We spend a lot of time talking. Franny says we should visit mom's grave. I'm unable to use the word mom to describe her. When talking to Lynn I use Jean. In the presence of Jerry and Franny, I do not address her at all. I have a mom and feel guilty refering to Jean as mom. I thougth I could handle visiting the grave. I have never been so wrong in all my life. This woman gave me life! She sacrificed (more on that later) for me. She gave me life a second time with a blood transfusion (again.. later). She was my mom! The emotions of that graveyard visit cannot be put into words.

Back at Jerry's we begin to unravel 30 years of secrecy. Jean, still have trouble wih mom, never signed her name the same way. Franny could never understand why. Soemtimes she signed "Bonnecarre" sometimes "Cruise". She also mixed up using Jean and Ina. We believe she was trying to get her name out there all kinds of ways so her long lost son may one day see it and know who she was. She was very religious and church-going, another coincedence. Her treasured Bible had many notes in the margin... most pertaining to children and losing loved ones. It even had the phone number to " The Lost" in the back. The Lost is/was an organization that found missing children.. I think. Franny and Jerry also remember not enjoying Christmas as much as other kids. Jean became very moody and depressed during the Christmas season... my birthday is Dec. 21. Mystery solved! Franny, who got pregnant at an early age told her mother that she was considering putting the baby up for adoption. Jean did all she could to dissuade her of the idea. It worked... Crystal is in her 20's and is a great person and mom.

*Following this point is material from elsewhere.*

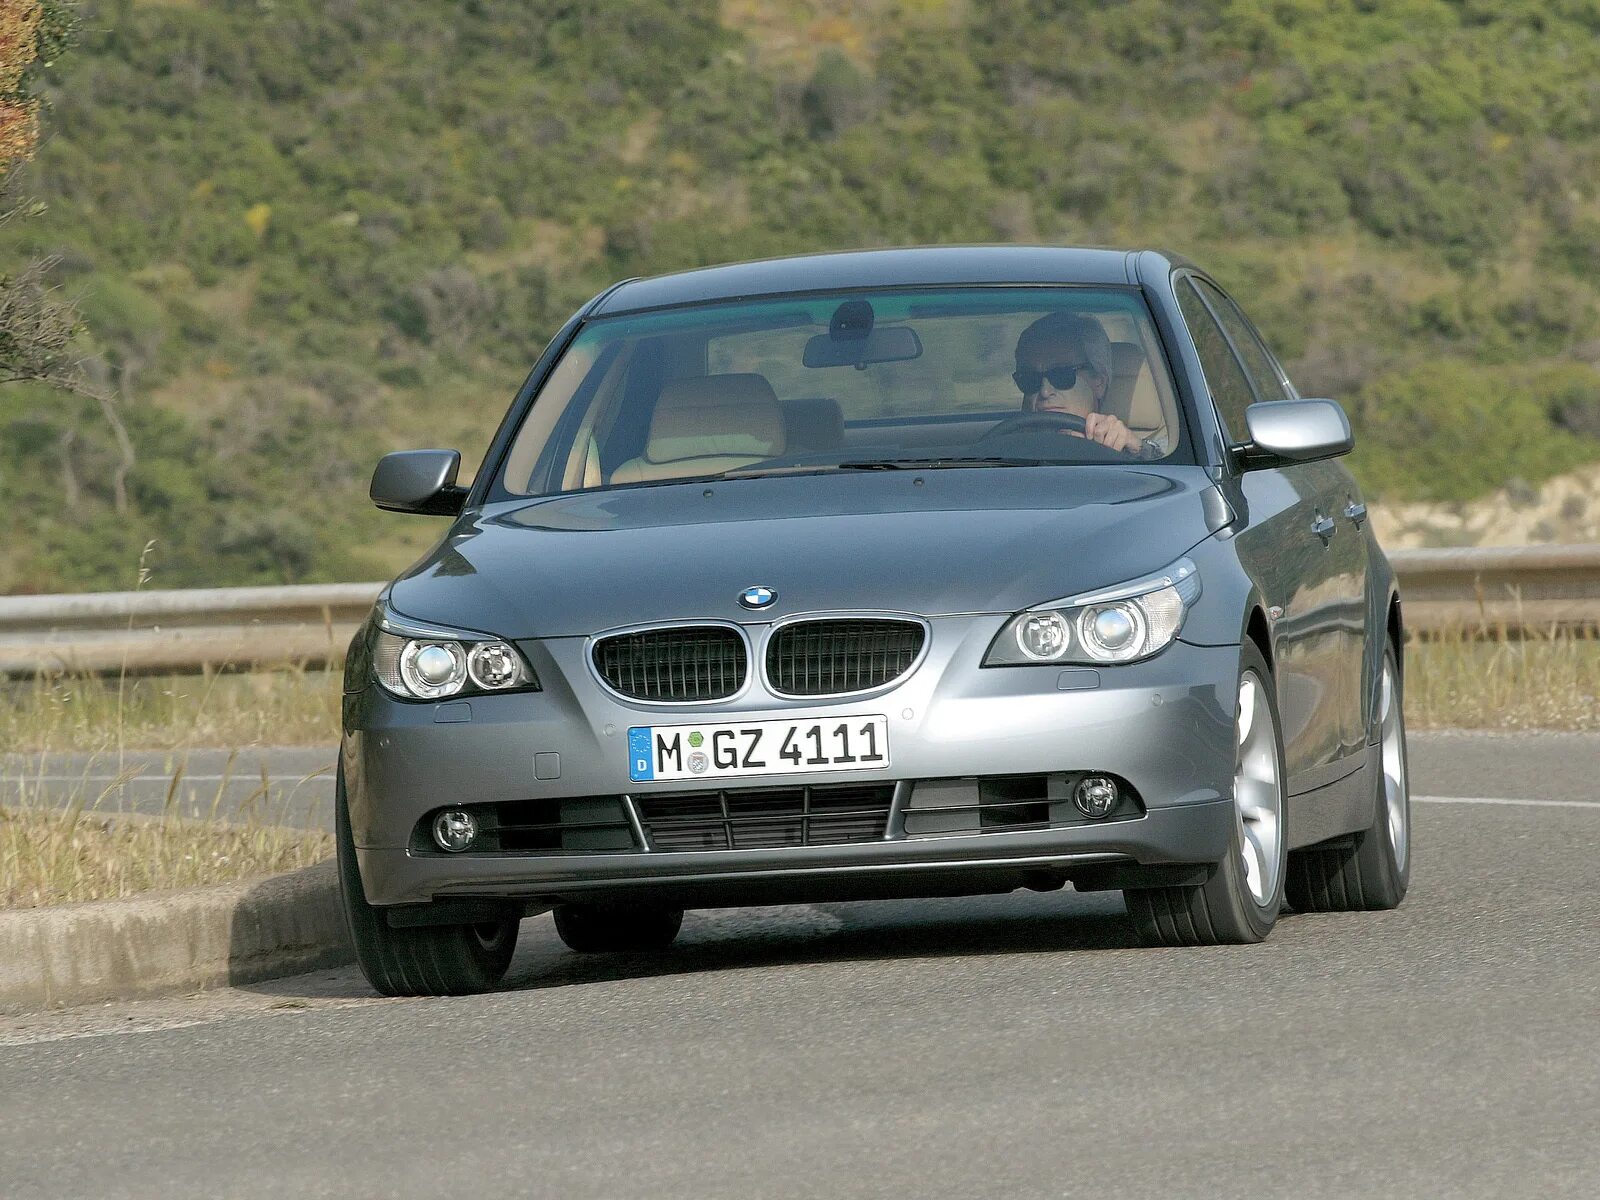 BMW 5 e60 2004. BMW 5 e60 2003. BMW 5 e60 530d. BMW 5 Series e60 2003. 5 series e60
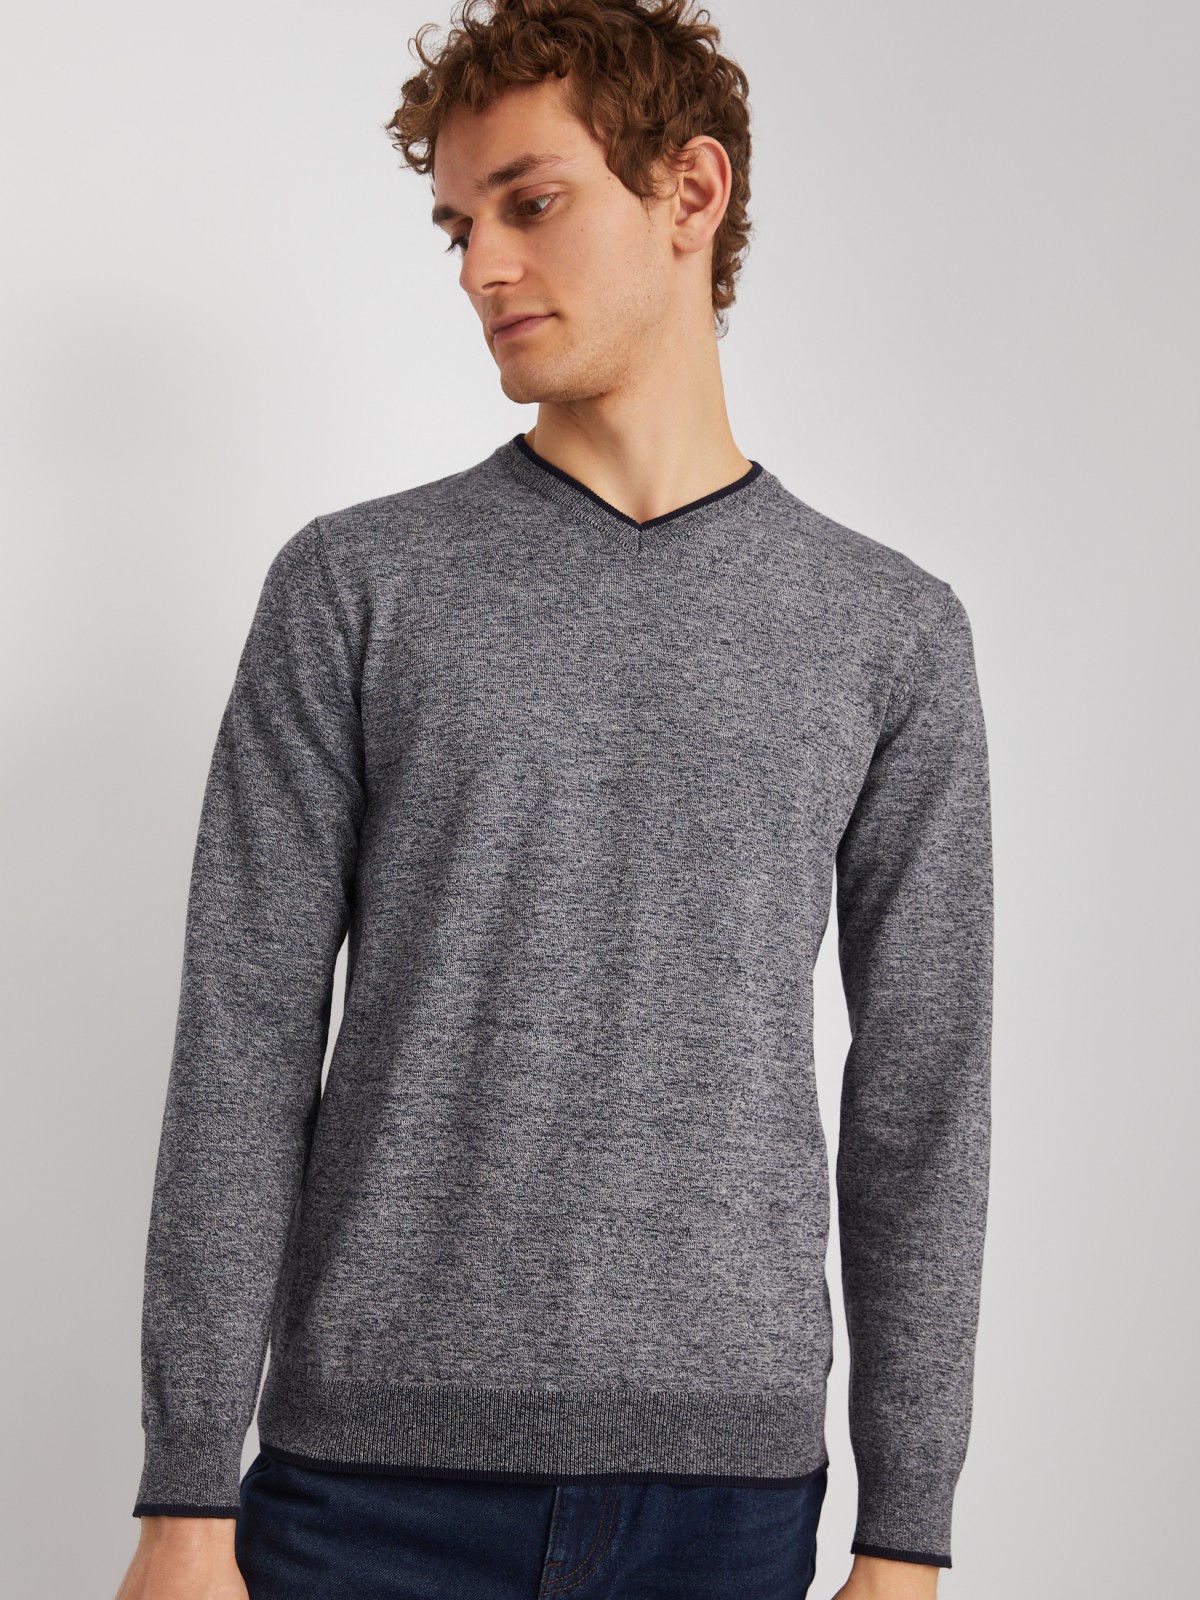 Тонкий трикотажный пуловер с длинным рукавом zolla 014116101082, цвет темно-серый, размер M - фото 4

Told you this was going to be long.

The linchpin for Joe came next. I mentioned the blood transfusion that Joice had to give me when I was a baby. Memories flooded Jerry's and Franny's minds. They remember being told as children that mommy had to go away for the weekend. "There is a little boy that is very sick and there is something in her blood that no one else has that will make him better." Whatever doubt was left in their minds was no longer. When told of this, Joe believes my story.

The one question that remains is why? The only thing we could come up with is this. Jean had remarried when the kids were young. Apparantly, he was abusive to Joe and Jerry. They both hate this man with a passion and would relish the thought of seeing him now that they are grown men. We surmise that maybe I was not his son. And can only imagine the beatings that would have come my way... a bastard son. Jean, we think... went away to a cousin's house in NOLA to have me. She had to put me up in order to protect me. That is the best we could come up with.

My brothers and sister have given me some of her keepsakes. And I treasure them. I've seen photos of her.. not many, but a few. I now know when I get to heaven I'll be able to recognize her. I wish I could have known her in life but it wasn't meant to be. I feel my life would have been more complete having met her. But, as I and Donna, Nancy, and Linda are my parents legacy, so are Franny, Jerry, and Joe; Jean's legacy. To know them is to know her... I need to know them better. I am envious of the time they had with her.

Some people who read this may be on one side of the other of this adoption thing. For those of you who are adopted.. I know, I know. I have a tremendous respect for the moms out there that made the incredibly difficult choice to do what my mom, yes I said mom, did. If you know anyone who has made this sacrifice, please for me... tell them to write a letter to their child and seal it away in a safety deposit box or something. In case they pass and their child finds them too late, they can have the answers they so crave.